Supplied data:
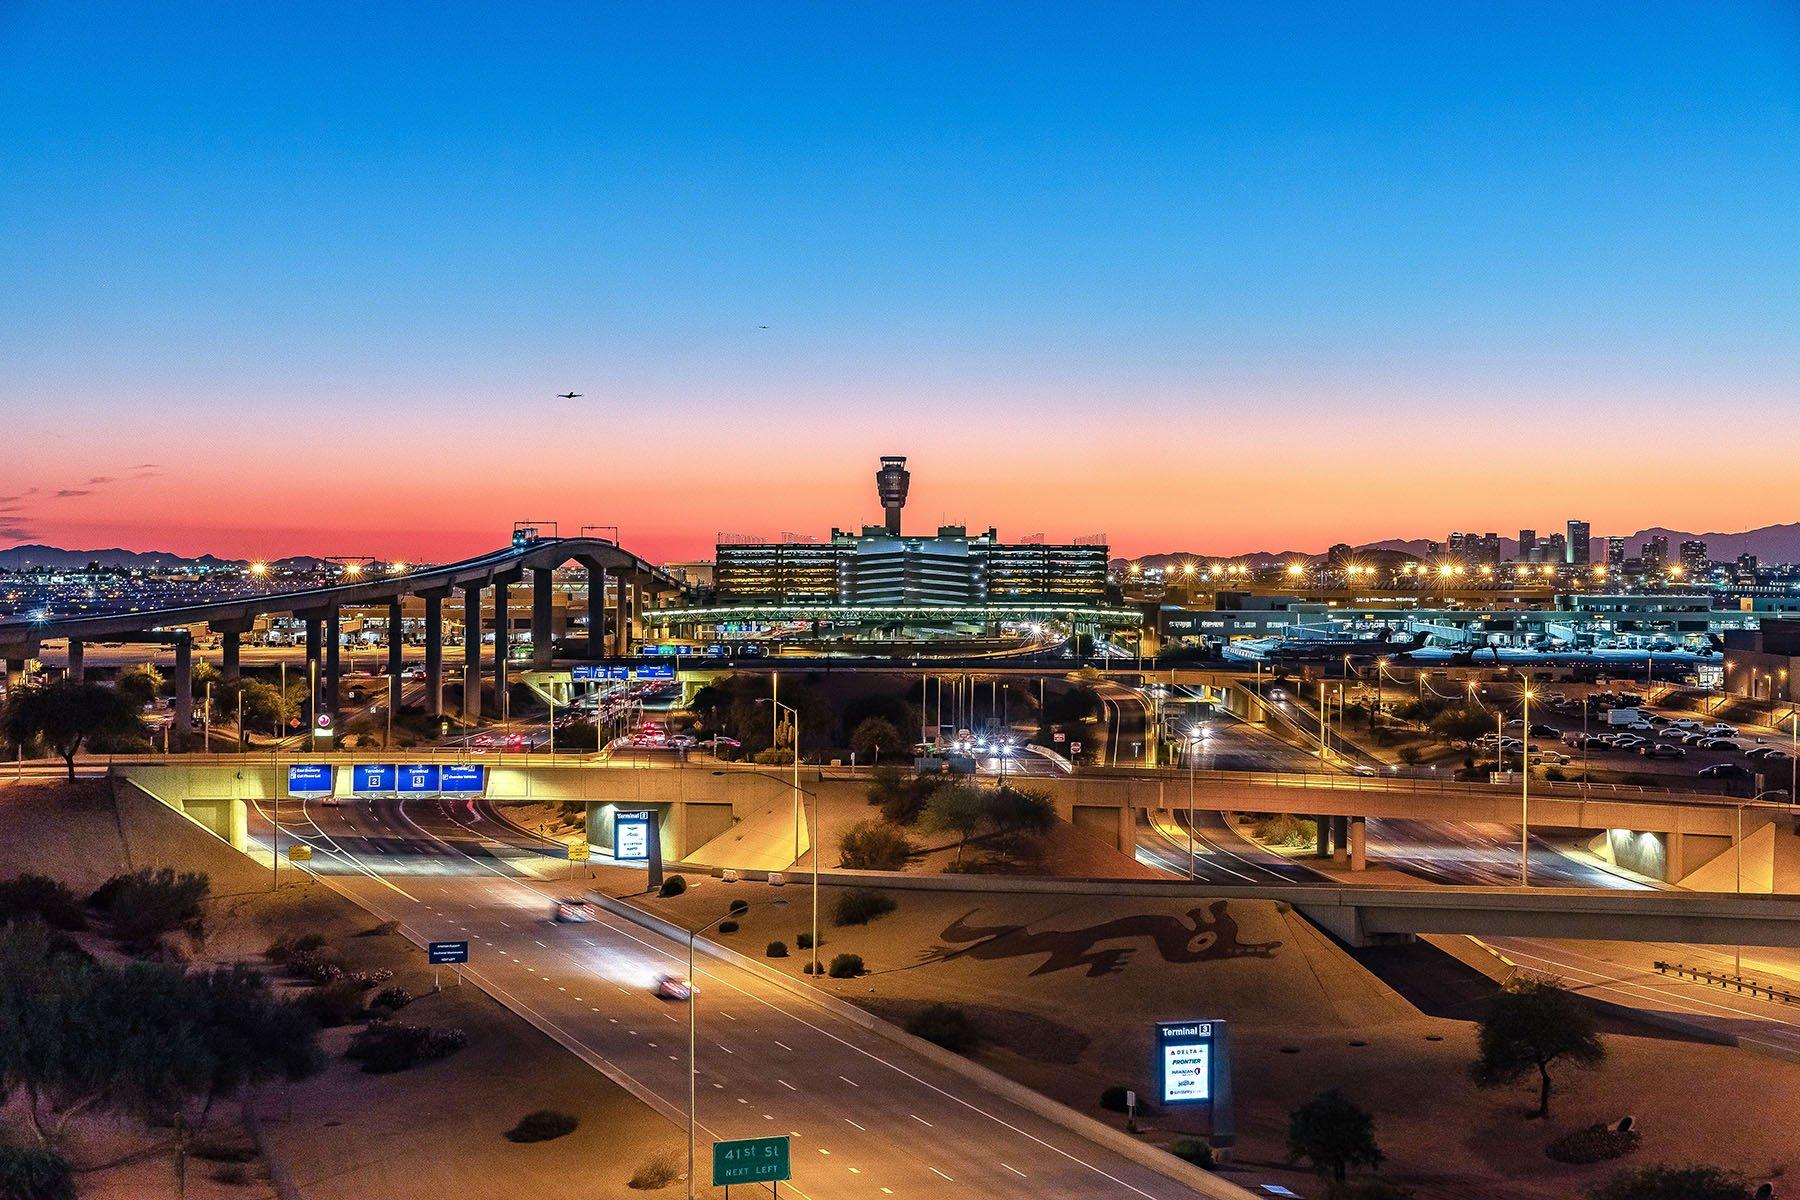 Phoenix Sky Harbour Airport
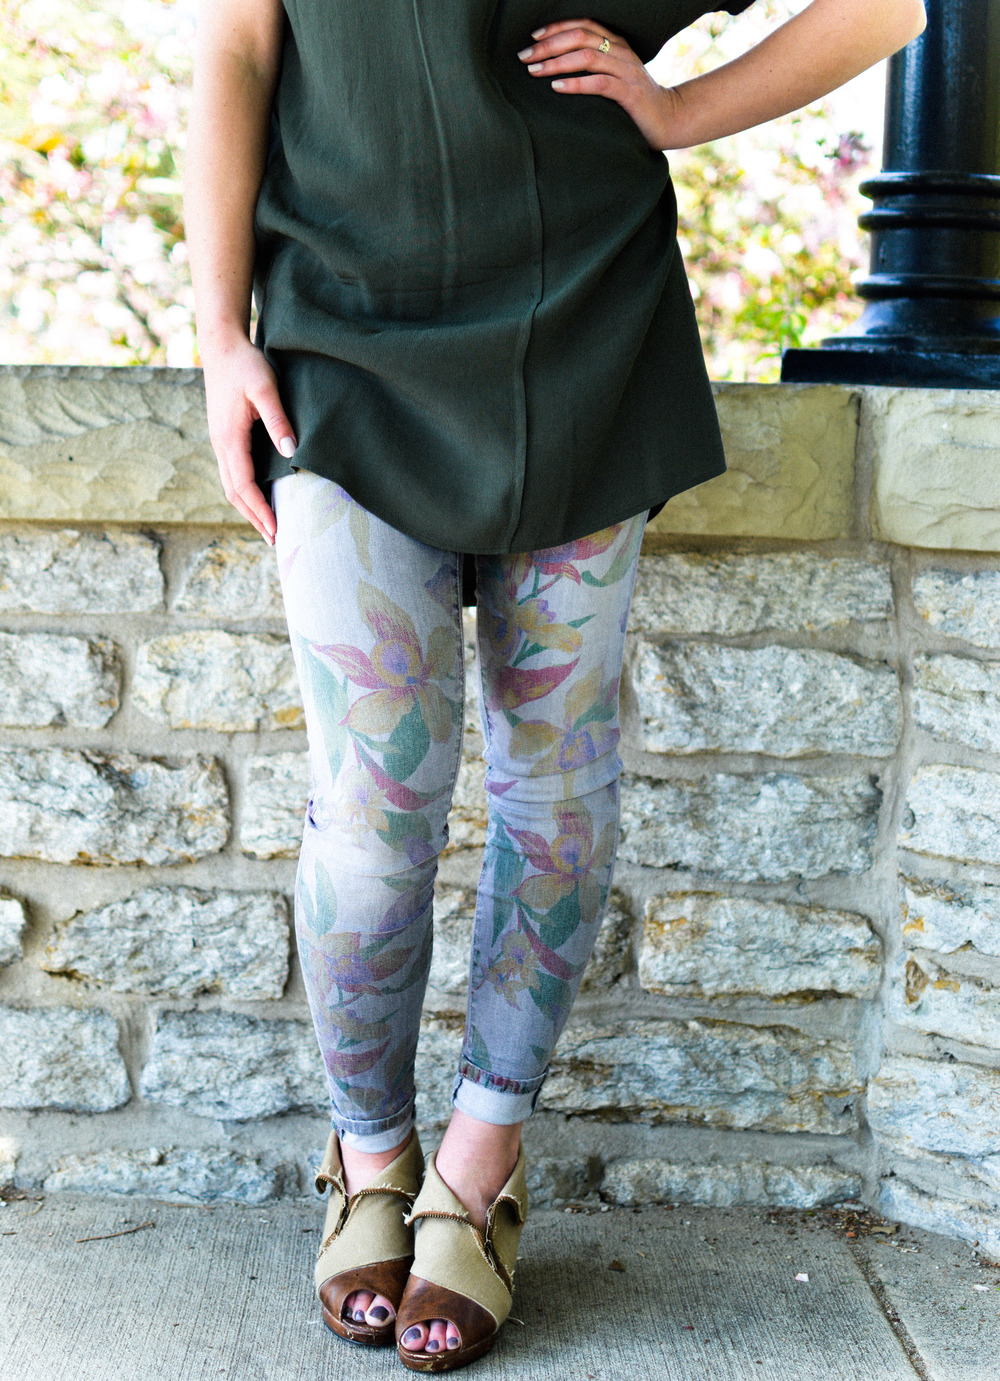 dress over jeans.jpg
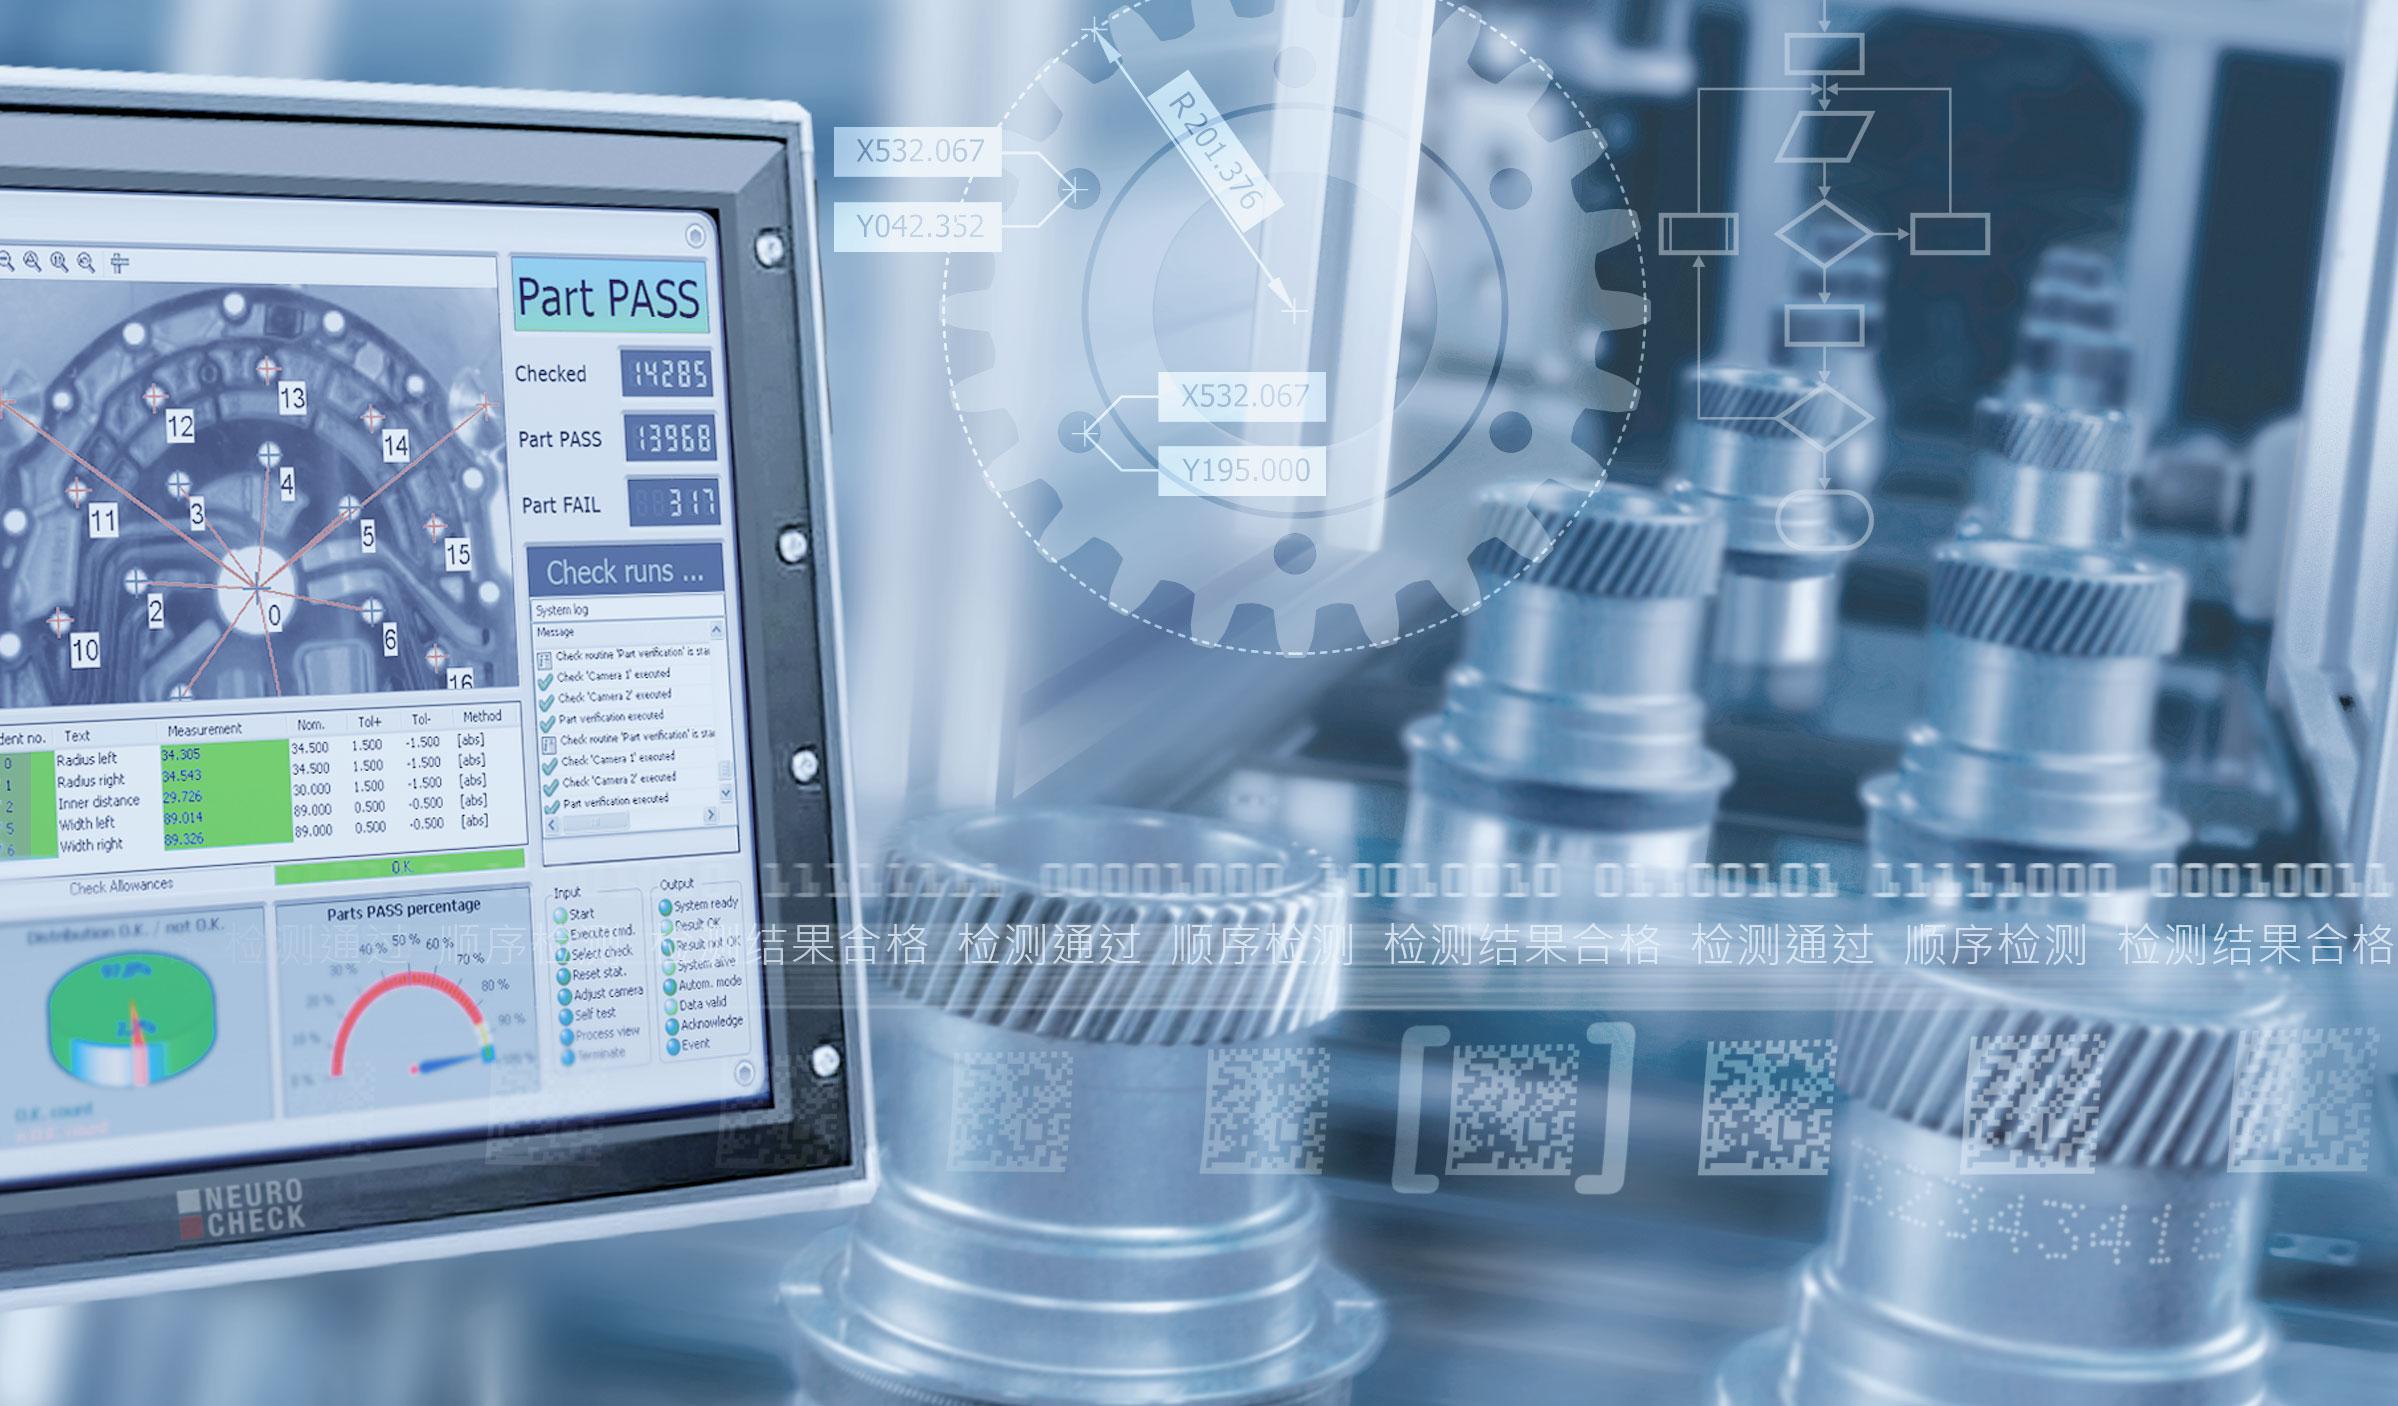 NeuroCheck Geschäftsbereich Applikation (Foto © NeuroCheck)

Work request: Return the listing above word for word. Keep the images out.

Answer to the problem:
 Phoenix Sky Harbour Airport
 dress over jeans.jpg
 NeuroCheck Geschäftsbereich Applikation (Foto © NeuroCheck)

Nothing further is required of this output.